Created on 1 Apr 2020 · 19Comments · Source: dotnet/runtime

area-System.Numerics tenet-performance up-for-grabs

Source

CallumDev

Most helpful comment

I'd like to grab and investigate this if there are no objections.

eanova on 8 Apr 2020

👍3

All 19 comments

Area Owners

@tannergooding, @pgovind

msftbot[bot] on 1 Apr 2020

I'm happy for this, or any of the other methods on Matrix3x2, Matrix4x4, Plane, Quaternion, Vector2, Vector3, or Vector4 to be accelerated where they aren't already.

If you provide a pull-request, please also provide some performance numbers (from benchmark.net) and an assembly diff.
Feel free to ping me on here if you need help with any of that or would like to discuss an appropriate implementation.

tannergooding on 1 Apr 2020

A reference implementation for SSE in C can be found here.
(I didn't check if there are faster ways to do it.)

gfoidl on 1 Apr 2020

There is also an implementation as part of the DirectX Math library which is known to fit with the general use-case that the System.Numerics types were designed for (and also has an ARM implementation): https://github.com/microsoft/DirectXMath/blob/master/Inc/DirectXMathMatrix.inl#L772

tannergooding on 1 Apr 2020

A reference implementation for SSE in C can be found here.
(I didn't check if there are faster ways to do it.)

A lot of shuffles and we still don't have an API for _MM_SHUFFLE_ :-)

EgorBo on 1 Apr 2020

A lot of shuffles and we still don't have an API for MM_SHUFFLE :-)

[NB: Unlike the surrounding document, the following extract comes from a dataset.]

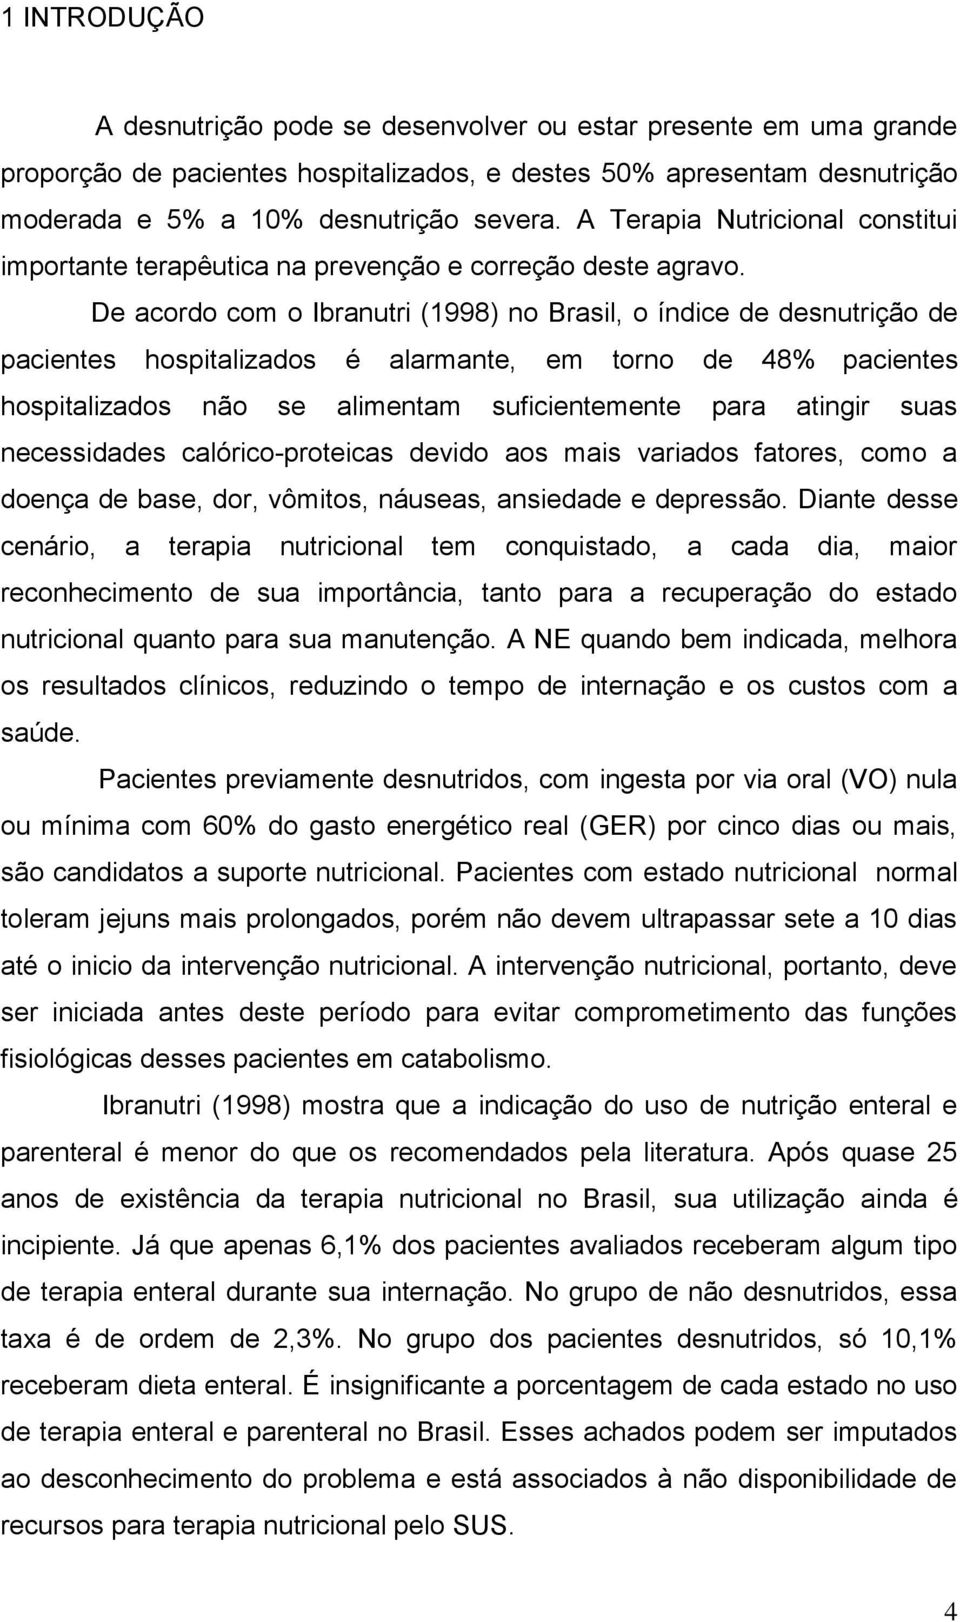 De acordo com o Ibranutri (1998) no Brasil, o índice de desnutrição de pacientes hospitalizados é alarmante, em torno de 48% pacientes hospitalizados não se alimentam suficientemente para atingir

Feel free to open a proposal 😉

tannergooding on 1 Apr 2020

I'd like to grab and investigate this if there are no objections.

eanova on 8 Apr 2020

👍3

Thanks @eanova, no concerns on my end so I've assigned it out.

Feel free to let me know if you have any questions, comments, concerns!

tannergooding on 9 Apr 2020

Cool. Just shortly I'm going to use the DirectXMath library as the reference. The only thing that immediately jumps out at me is if the Matrix4x4 class has the right structure since it's not using vector128. I don't think this is going to be a big issue, but I guess it should also be benchmarked?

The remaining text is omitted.